Keywords: CD95, polymorphism, cervical cancer
Introduction
Following breast cancer and colorectal cancer, cervical cancer has been the third most commonly diagnosed cancer and the fourth major cause of cancer-related deaths among women worldwide, with 9% (529,800) of the total new cancer cases and 8% (275,100) of the total cancer deaths estimated in 2008 [1]. Human papillomavirus (HPV) infection and cigarette consumption have been recognized as independent risk factors for cervical cancer [2,3]. However, cervical cancer is considered as a genetic component disease attracting widespread attention since the genetic epidemiological studies based on biological relatives showed that cervical cancer is nearly two-fold more likely to favor the individuals with biological full-sisters of cervical cancer than the controls without [4,5]. Apoptosis is a regulated form of cell death involved in the development of organisms and pathophysiology of certain disorders [6,7]. The CD95 signaling system is essential for apoptotic signaling in cells of the immune response [8] and for the activation of a major extrinsic cell death pathway which plays a key role in the maintenance of immuno-privileged sites and fulfillment of other regulatory functions [9,10]. CD95 induces apoptosis in susceptible cells by interacting with the well-characterized death-inducing ligand CD95. Apoptosis caused by FASL leads to immune homeostasis and cell-mediated cytotoxicity [11]. CD95 has been shown to be commonly expressed in liver, spleen, cardiac, thymus and ovarian tissues [11,12].

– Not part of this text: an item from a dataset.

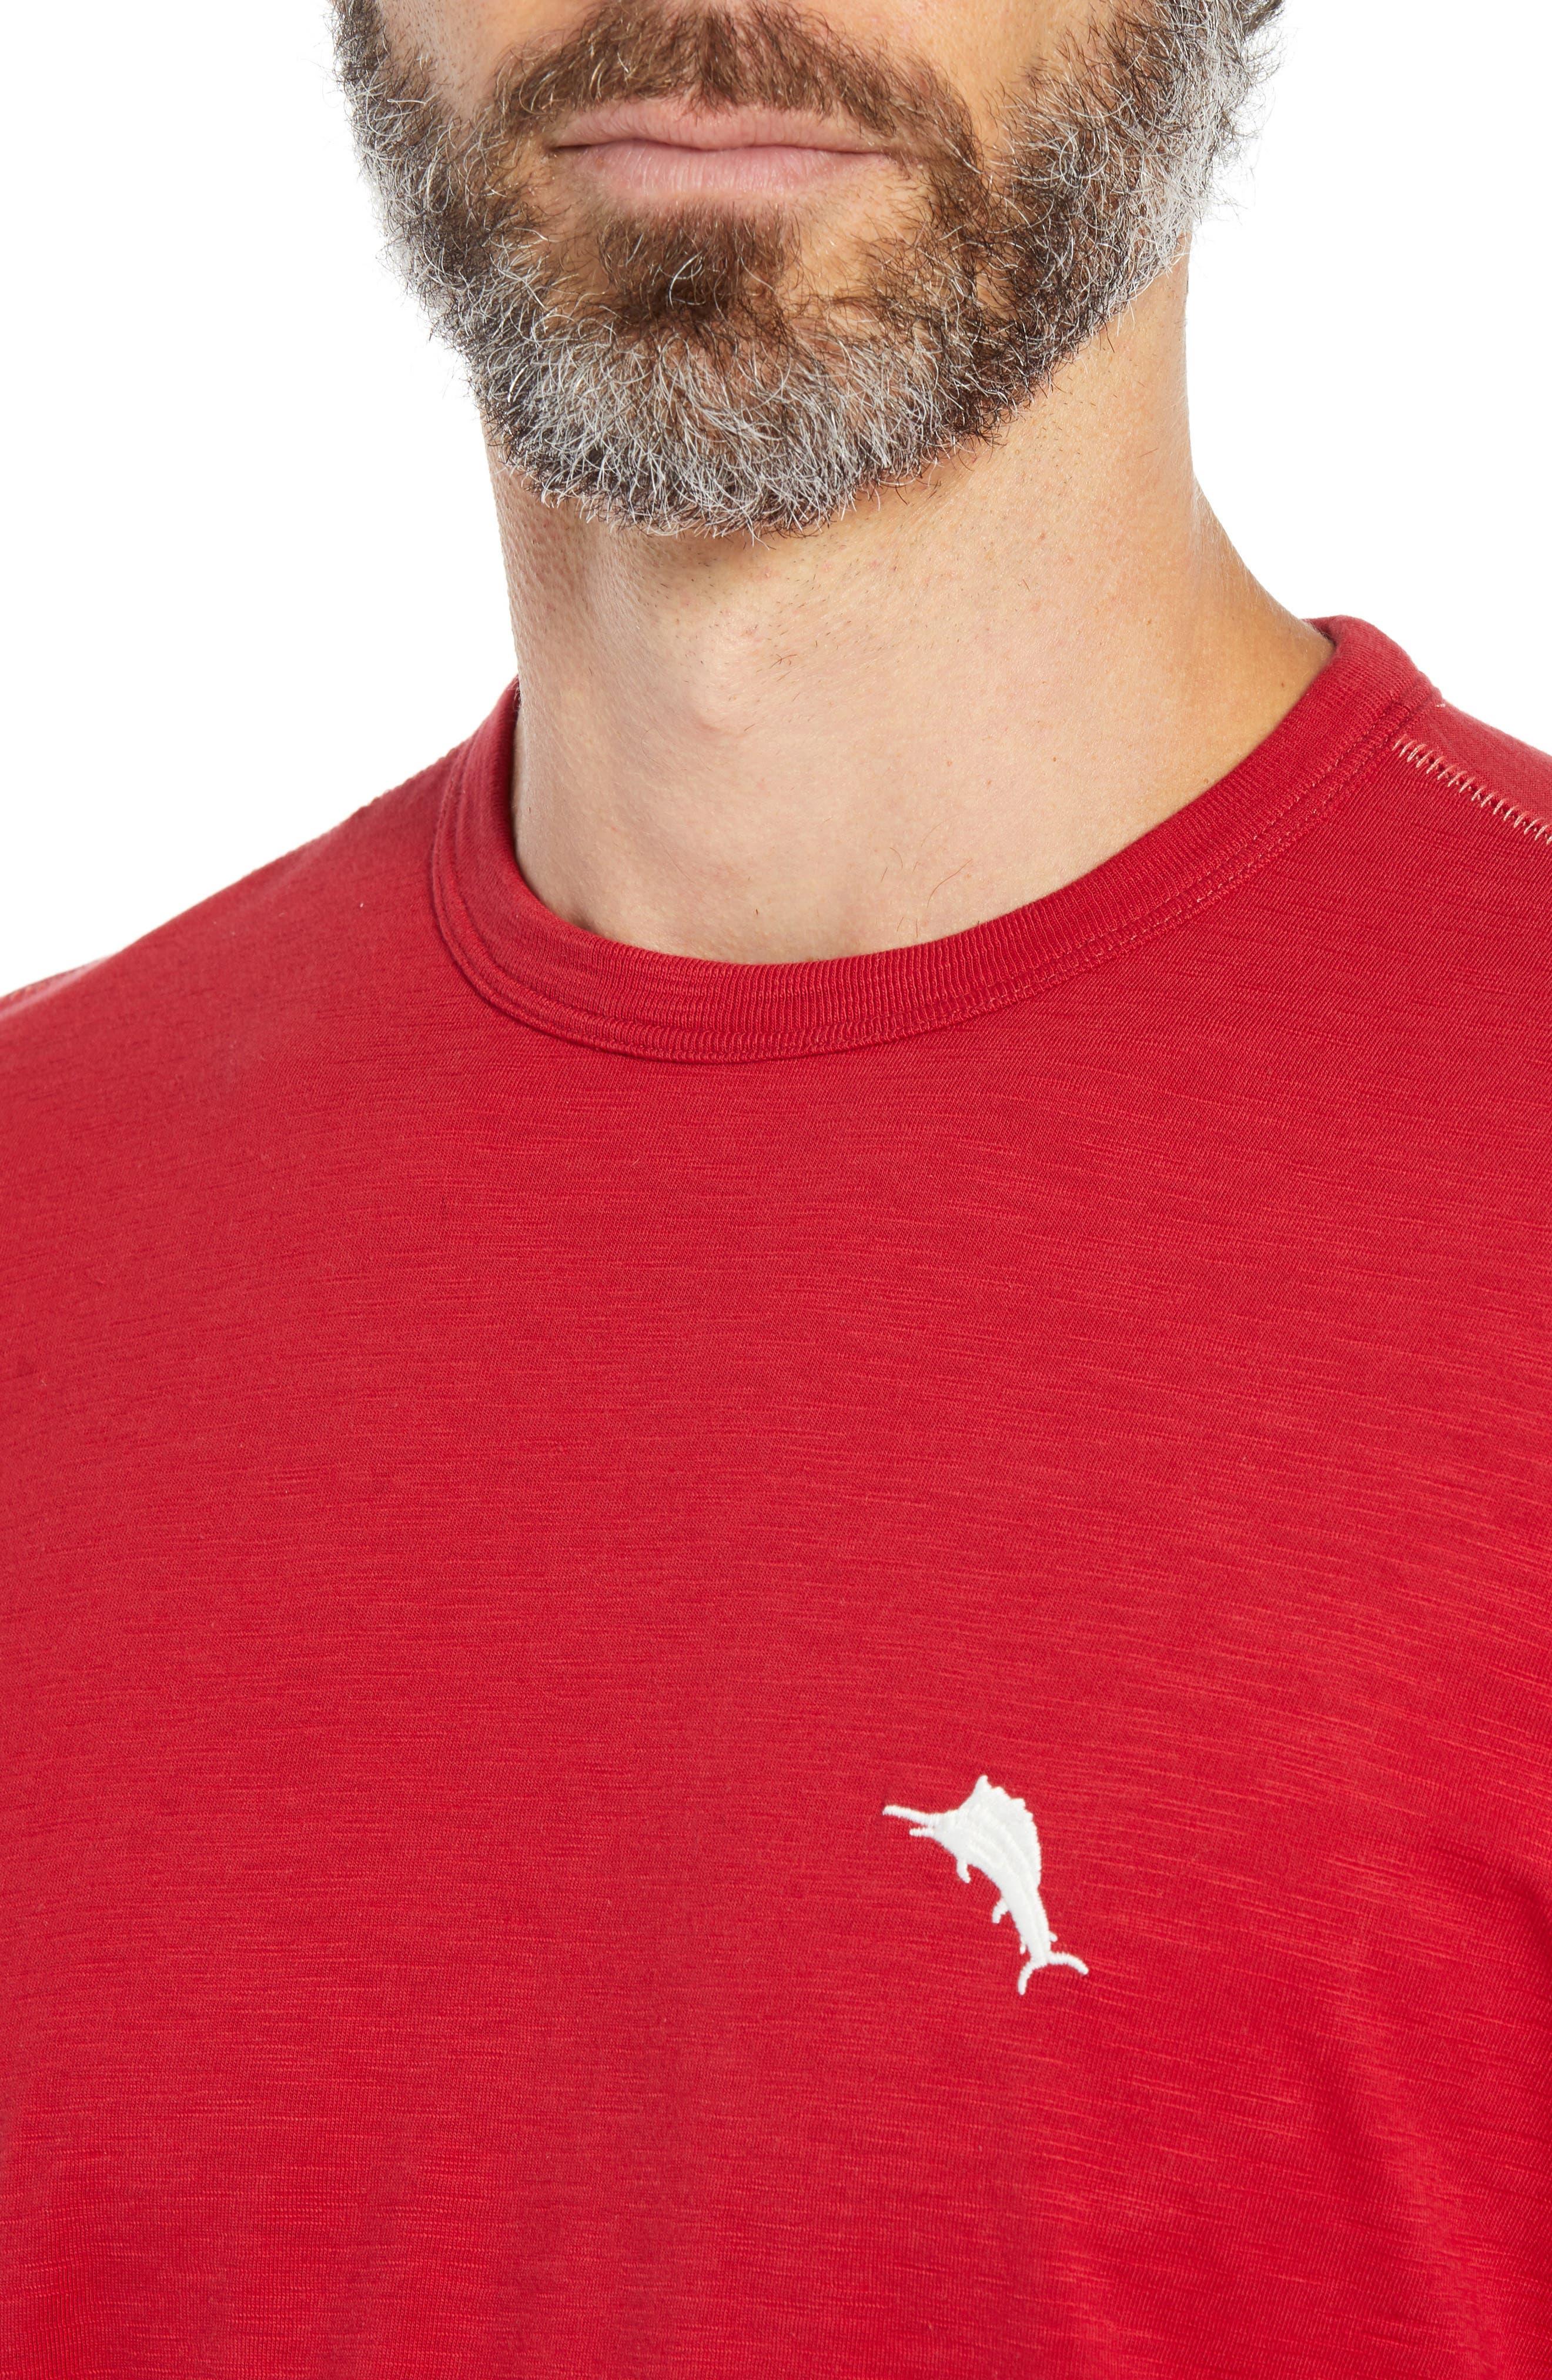 Mele Kalikimaka T-Shirt,                             Alternate thumbnail 4, color,                             SCOOTER RED

A growing body of evidence has suggested the importance of the genetic polymorphisms of CD95 rs2234767 polymorphism death pathway genes in determining predisposition to human cancers, such as lung cancer, pancreatic cancer and esophageal squamous-cell carcinoma [13-15]. In the promoter region of the CD95 gene, there is a G to A substitution at nucleotide position-1377 (rs2234767) located in the stimulatory protein-1 (Sp1). This polymorphism deregulates cell death signaling, resulting in a consequent reduce in CD95 rs2234767 polymorphism expression [16,17], which is frequently reported in cancer occurrence, including cervical cancer. The role of CD95 rs2234767 polymorphism in cervical cancer development has once been frequently studied with uncertain results [18-21]. These results could be better convinced if a sufficiently large study is performed. In this investigation, therefore, we conducted a meta-analysis to identify the association between CD95 rs2234767 polymorphism and cervical cancer risk and to promote more studies to continually concern this association.
Materials and methods
Data sources
We carried out a search in electronic databases including Embase, PubMed and CNKI (China National Knowledge Infrastructure) up to May 26, 2014 to identify all case-control studies on the association between CD95 rs2234767 polymorphism and cervical cancer risk without using any restriction. The search strategy used was: (CD95) OR (TNFRSF6) OR (APO-1) AND (polymorphism) OR (genotype) OR (polymorphisms) AND (cervical cancer), in combination with (-1377 A/G) OR (rs2234767). We also conducted a manual review of the bibliographic references cited in the selected articles for additional data available for the present meta-analysis.
Study selection
For this meta-analysis, we selected the studies that: a) included both cases and well-matched controls; b) assessed the association of CD95 rs2234767 polymorphism and cervical cancer risk; c) contained clear genotype frequencies for odds ratios (ORs) and 95% confidence intervals (CIs) calculation; and d) no significant departure from Hardy-Weinberg equilibrium (HWE) for the genotype distribution of controls. When several studies selected the same cases series, we considered the most updated one.
Data extraction
Two independent investigators (Ping Liu, Xiaofeng He) extracted the following information from the selected studies: the last name of first authors, year of publication, study country, matching criteria, ethnicity, total counts of genotyped cases and controls, genotype frequency distributing between cases and controls, and genotyping method. Each of the extracted items was compared, and a senior investigator (Zibai Wei) was referred to when there was any disagreement.
Statistical analysis
Stata software (version 12.0; StataCorp LP, College Station, TX, USA) was chosen and utilized to perform all statistical analyses involved in this article. The risk of cervical cancer associated with CD95 rs2234767 polymorphism was indicated as ORs and 95% CIs. We calculated the ORs assuming AA versus GG and AG versus GG comparisons, as well as AA + AG versus GG, AA versus AG + GG, and A versus G genetic models. (Figures 1, 2).
Figure 1.
CD95 rs2234767 polymorphism and risk of cervical cancer by AA versus GG genetic model, forest plot shows no significant association between CD95 rs2234767 polymorphism and risk of cervical cancer under AA genotype compared with GG. CI confidence interval; OR odds risk.
Figure 2.
CD95 rs2234767 polymorphism and risk of cervical cancer by AA + AG versus GG genetic model, forest plot shows no significant association between CD95 rs2234767 polymorphism and risk of cervical cancer under AA + AG genotype compared with GG. CI confidence interval; OR odds risk.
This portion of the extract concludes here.